The process of automatic identification expansion instruction set is as shown in Figure 1, firstly, image processing algorithm source code is as open source compiling The input of device GeCoS, GeCoS convert source code into control data flow diagram (Control Data Flow Graph, CDFG), Controlling data flow diagram is the figure for indicating the data dependence relation between multiple basic blocks.Then, subgraph enumeration is from data flow All subgraphs (graph-based that subgraph is custom instruction) for meeting constraint condition are enumerated in figure.Then, subgraph selects Algorithm is from the best subgraph of selected section in the subgraph enumerated as final custom instruction.Finally, source code is converted For the fresh code comprising selected custom instruction.

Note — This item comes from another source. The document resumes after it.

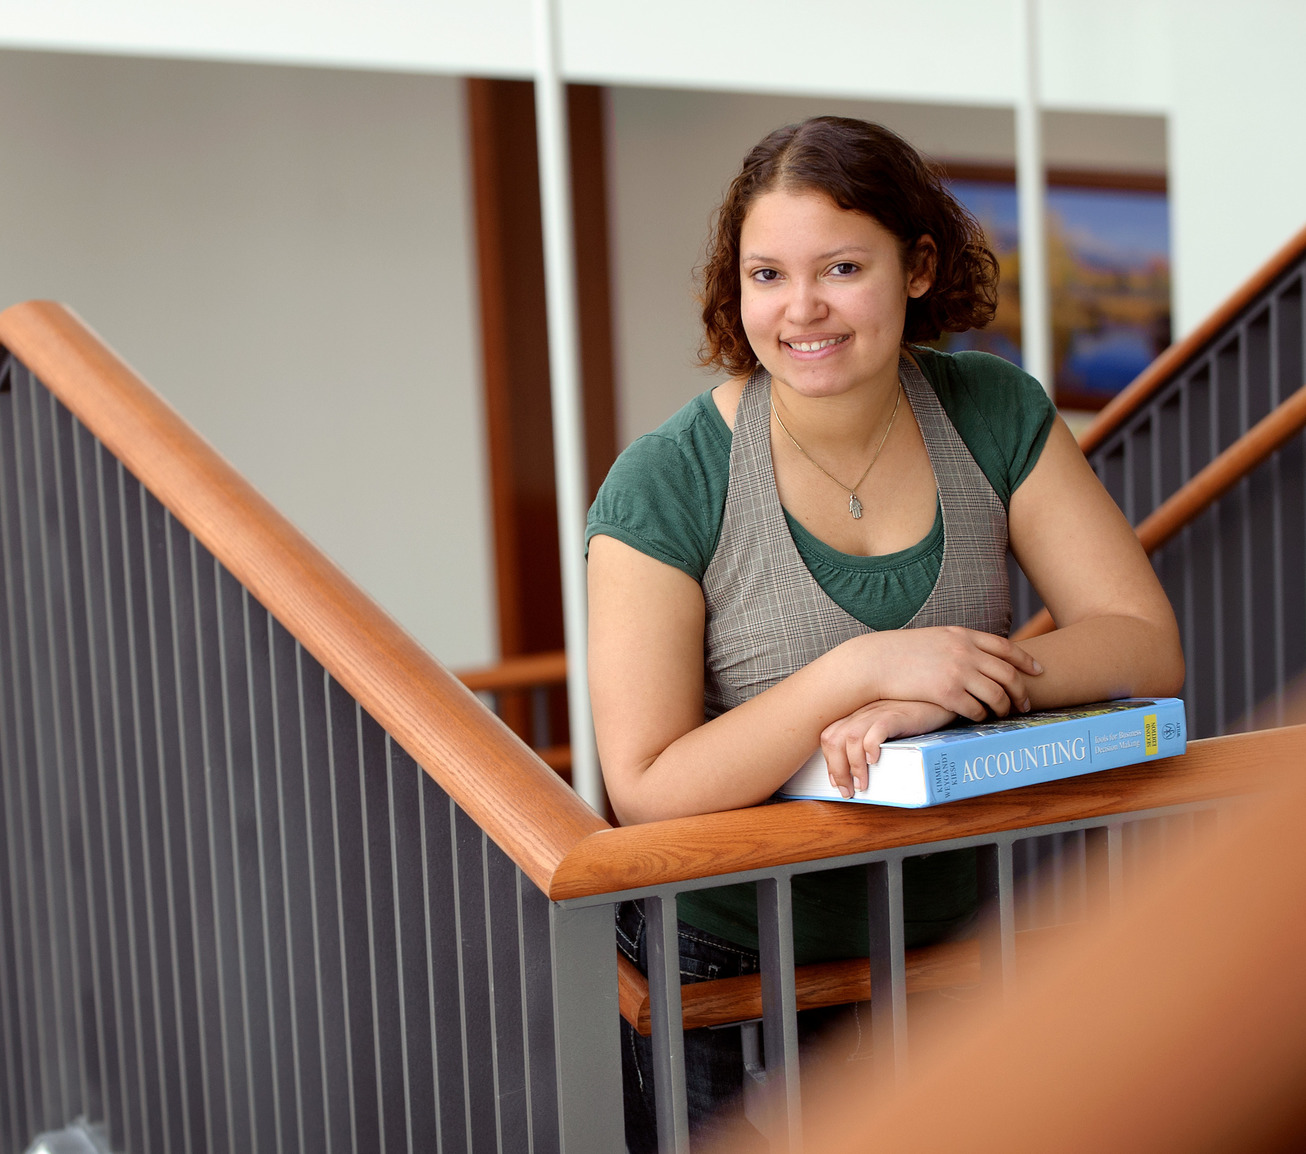 A student holds a book in a stairwell looking at the camera
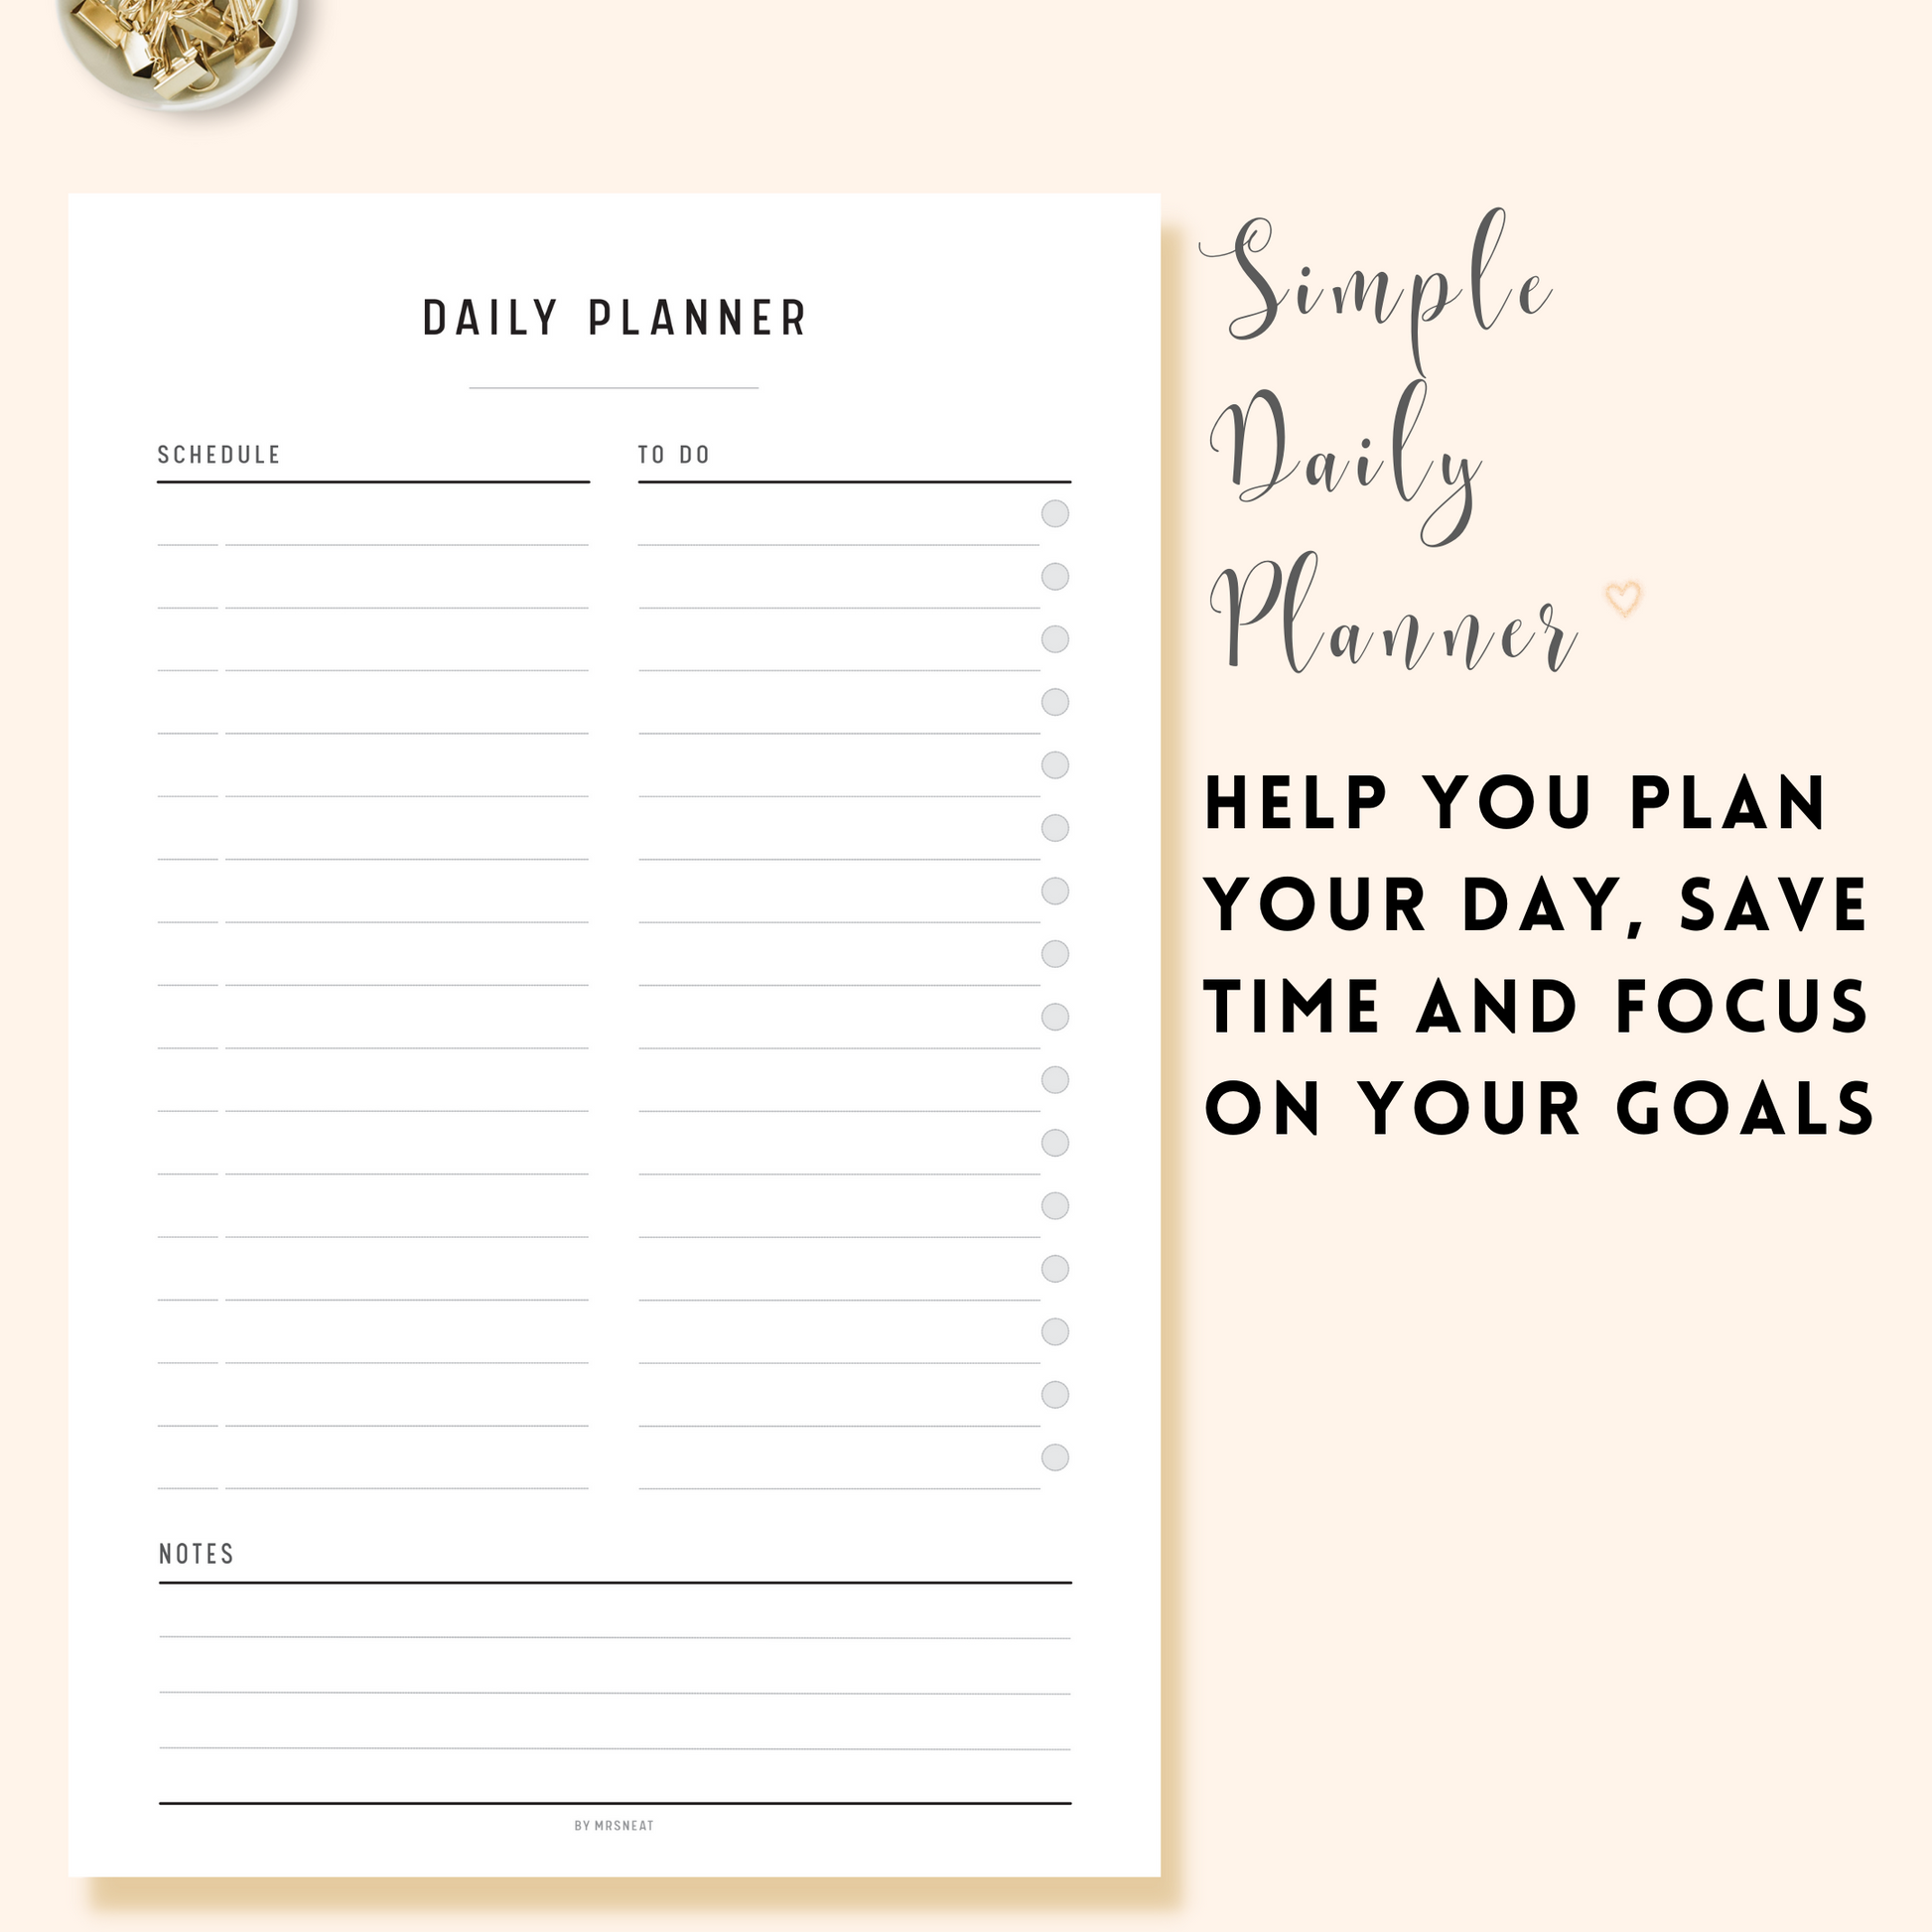 Simple Daily Planner Printable in Cute and Minimalist Design

Constraint programming is a kind of universal search technology of combination reasoning from logic, is led originating from computer science and artificial intelligence The constraint satisfaction problemx (Constraint Satisfaction Problem, CSP) in domain.Constraint satisfaction problemx is by given (equation, inequality and program etc. all can serve as constraint item for one group of variable, the codomain of this group of variable and one group of constraint condition Part) it is composed, the solution for constraint satisfaction problemx is to find out one or more in all combinations to meet constraint condition Combination.In general, Combinatorial Optimization, Problems of Optimal Dispatch belong to constraint satisfaction problemx.When being solved the problems, such as using constraint programming, Statement is closer to practical problem, without being linear equality or inequality by constraints conversion, keep formula expression simple and It should be readily appreciated that.

Summary of the invention

The technical problem to be solved by the present invention is in view of the above shortcomings of the prior art, provide it is a kind of based on constraint planning Custom instruction automatic identifying method carries out automatic identification to custom instruction based on constraint programming method.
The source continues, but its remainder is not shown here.